I cracked some stones, and put the small kernels in the jam, so when it is dreary and wet, out will come this delicious concoction, and whether it is to make a lovely tart with frangipane, or to be put with yogurt, I shall remember the lovely afternoon spent picking cherries.  Roz also told me how she uses it with duck breasts, how delicious.

Tuesday, 28 July 2015

Bugs in the Garden - Ladybirds

The ladybird I watched eating away at the blackfly on the Clematis, is multiplying...and the greenfly and blackfly are under control...hurrah!
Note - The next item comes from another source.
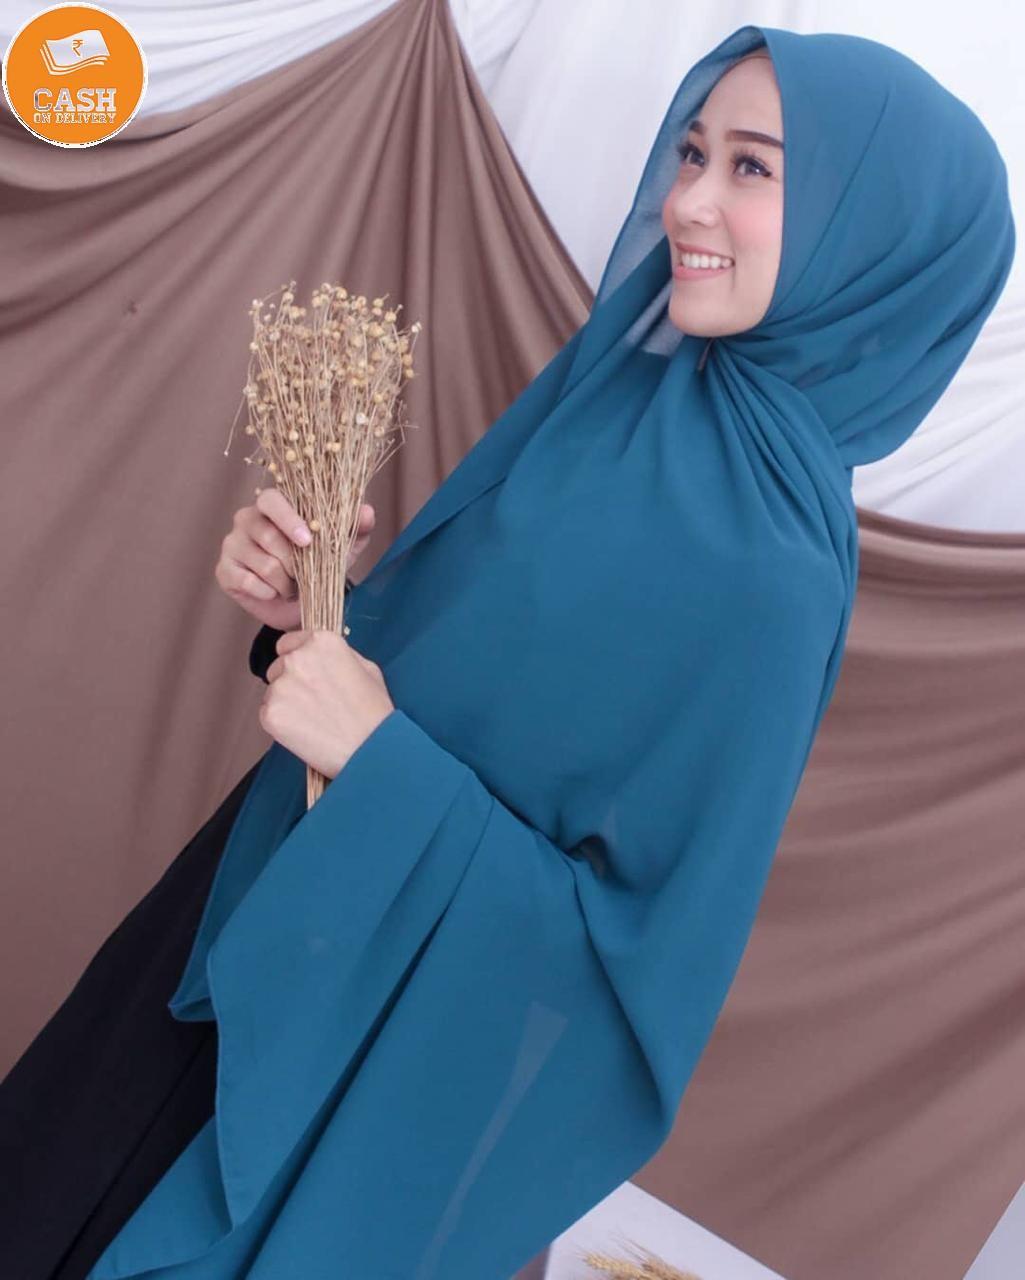 Hijab Pashmina / Jilbab Pasmina / Kerudung Pashmina / Pashmina Sabyan / Pashmina Diamond Stretch - Suryani Collection/hijab instan/hijab instan kekinian/hijab segi empat/hijab syari/hijab pasmina/kerudung pasmina/kerudung segi empat

I've enjoyed watching the insects in the garden, and also other wild life.  A few years ago I bought Ladybirds by Majerus and Kearns, Naturalists Handbooks 10.  However to share in the enjoyment why not link into UK Ladybirds.  They have two very good sheets helping to identify ladybirds and their larvae, and explain life cycles.  This would be a lovely summer holiday for any of your little budding entomologists.

Monday, 27 July 2015

Echeveria Elegans multiplying

The trough full of Echeveria Elegans

My lovely new pot bought from a potter at the Alnmouth Open Studios with a filling of well draining compost and a layer of grit, with little offsets hopefully ready to root down into the growing medium.

And here is one I prepared last year, which is now filling out.

And here is the trough in flower earlier this year

Buscot House and Gardens

A drive to Swindon to view sofas, which was not successful, was made a little better for a lovely drive back through the Cotswolds.  We stopped at Buscot House and Gardens, had a picnic lunch, a saunter round the walled garden, and a tour round the house. We've visited many times, and the plantings in the walled garden and the orchards are maturing.

I love the clock tower above the old stables.

 Great plantings

Long borders with a dramatic backdrop of trees.

We sat and chatted and enjoyed the long views.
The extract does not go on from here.